Dataset records:

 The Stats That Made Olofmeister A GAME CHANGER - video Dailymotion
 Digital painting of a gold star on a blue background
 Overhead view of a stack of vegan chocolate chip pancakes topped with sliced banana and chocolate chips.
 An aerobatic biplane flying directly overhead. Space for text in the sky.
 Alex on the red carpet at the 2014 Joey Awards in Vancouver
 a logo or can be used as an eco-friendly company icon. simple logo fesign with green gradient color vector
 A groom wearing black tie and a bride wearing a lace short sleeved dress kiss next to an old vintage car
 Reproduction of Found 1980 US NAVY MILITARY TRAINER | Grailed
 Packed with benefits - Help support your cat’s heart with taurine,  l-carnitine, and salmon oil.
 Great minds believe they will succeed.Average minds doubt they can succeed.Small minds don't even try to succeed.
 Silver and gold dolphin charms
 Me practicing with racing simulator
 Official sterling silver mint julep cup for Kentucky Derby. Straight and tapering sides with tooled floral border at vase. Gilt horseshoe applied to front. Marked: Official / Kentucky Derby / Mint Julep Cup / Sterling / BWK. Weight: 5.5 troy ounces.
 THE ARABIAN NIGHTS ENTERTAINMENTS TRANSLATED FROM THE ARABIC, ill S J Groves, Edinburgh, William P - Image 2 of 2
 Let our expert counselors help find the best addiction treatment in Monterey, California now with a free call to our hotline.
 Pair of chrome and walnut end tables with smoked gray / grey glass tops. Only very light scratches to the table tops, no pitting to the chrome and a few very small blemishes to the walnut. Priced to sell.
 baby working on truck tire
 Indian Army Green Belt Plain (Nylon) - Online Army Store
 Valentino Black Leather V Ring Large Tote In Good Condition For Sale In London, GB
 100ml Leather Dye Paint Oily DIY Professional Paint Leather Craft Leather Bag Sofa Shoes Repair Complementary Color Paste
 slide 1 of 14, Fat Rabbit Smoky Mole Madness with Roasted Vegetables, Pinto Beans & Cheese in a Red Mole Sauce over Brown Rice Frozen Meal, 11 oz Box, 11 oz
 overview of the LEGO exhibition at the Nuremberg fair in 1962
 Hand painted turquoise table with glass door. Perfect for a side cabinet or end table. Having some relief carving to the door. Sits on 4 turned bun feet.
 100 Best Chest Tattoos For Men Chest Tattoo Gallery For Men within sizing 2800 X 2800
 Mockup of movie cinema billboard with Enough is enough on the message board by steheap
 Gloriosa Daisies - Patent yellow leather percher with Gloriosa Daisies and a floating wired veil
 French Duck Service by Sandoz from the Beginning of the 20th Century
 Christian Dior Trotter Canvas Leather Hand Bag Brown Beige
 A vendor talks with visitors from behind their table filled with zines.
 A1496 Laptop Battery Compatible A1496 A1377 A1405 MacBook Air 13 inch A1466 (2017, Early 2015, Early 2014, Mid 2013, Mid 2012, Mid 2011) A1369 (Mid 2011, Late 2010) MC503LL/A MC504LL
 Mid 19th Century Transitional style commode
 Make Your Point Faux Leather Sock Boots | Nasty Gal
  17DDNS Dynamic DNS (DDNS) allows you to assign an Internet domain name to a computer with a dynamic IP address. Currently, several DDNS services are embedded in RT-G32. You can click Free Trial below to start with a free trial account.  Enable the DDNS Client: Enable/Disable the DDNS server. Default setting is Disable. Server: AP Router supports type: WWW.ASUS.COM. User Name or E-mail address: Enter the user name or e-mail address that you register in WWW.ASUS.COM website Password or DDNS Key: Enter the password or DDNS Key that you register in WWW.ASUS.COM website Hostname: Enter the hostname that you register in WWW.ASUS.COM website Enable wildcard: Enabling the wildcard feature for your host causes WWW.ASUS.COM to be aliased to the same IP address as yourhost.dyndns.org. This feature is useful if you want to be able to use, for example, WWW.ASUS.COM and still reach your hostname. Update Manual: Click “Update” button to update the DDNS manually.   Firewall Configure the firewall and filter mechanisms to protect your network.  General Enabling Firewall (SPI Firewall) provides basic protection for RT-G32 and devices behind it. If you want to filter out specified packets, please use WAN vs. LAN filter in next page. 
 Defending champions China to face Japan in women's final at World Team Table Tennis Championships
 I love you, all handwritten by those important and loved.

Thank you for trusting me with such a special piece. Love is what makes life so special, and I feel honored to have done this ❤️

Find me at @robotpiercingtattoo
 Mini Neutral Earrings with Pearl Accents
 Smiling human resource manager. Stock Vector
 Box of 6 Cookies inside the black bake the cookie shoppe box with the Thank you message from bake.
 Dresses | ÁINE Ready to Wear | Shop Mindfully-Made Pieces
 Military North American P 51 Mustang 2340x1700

* _Problem requirements_
Take each line above that holds the string "gold" and copy it.

* _Exercise output_
 Digital painting of a gold star on a blue background
 Silver and gold dolphin charms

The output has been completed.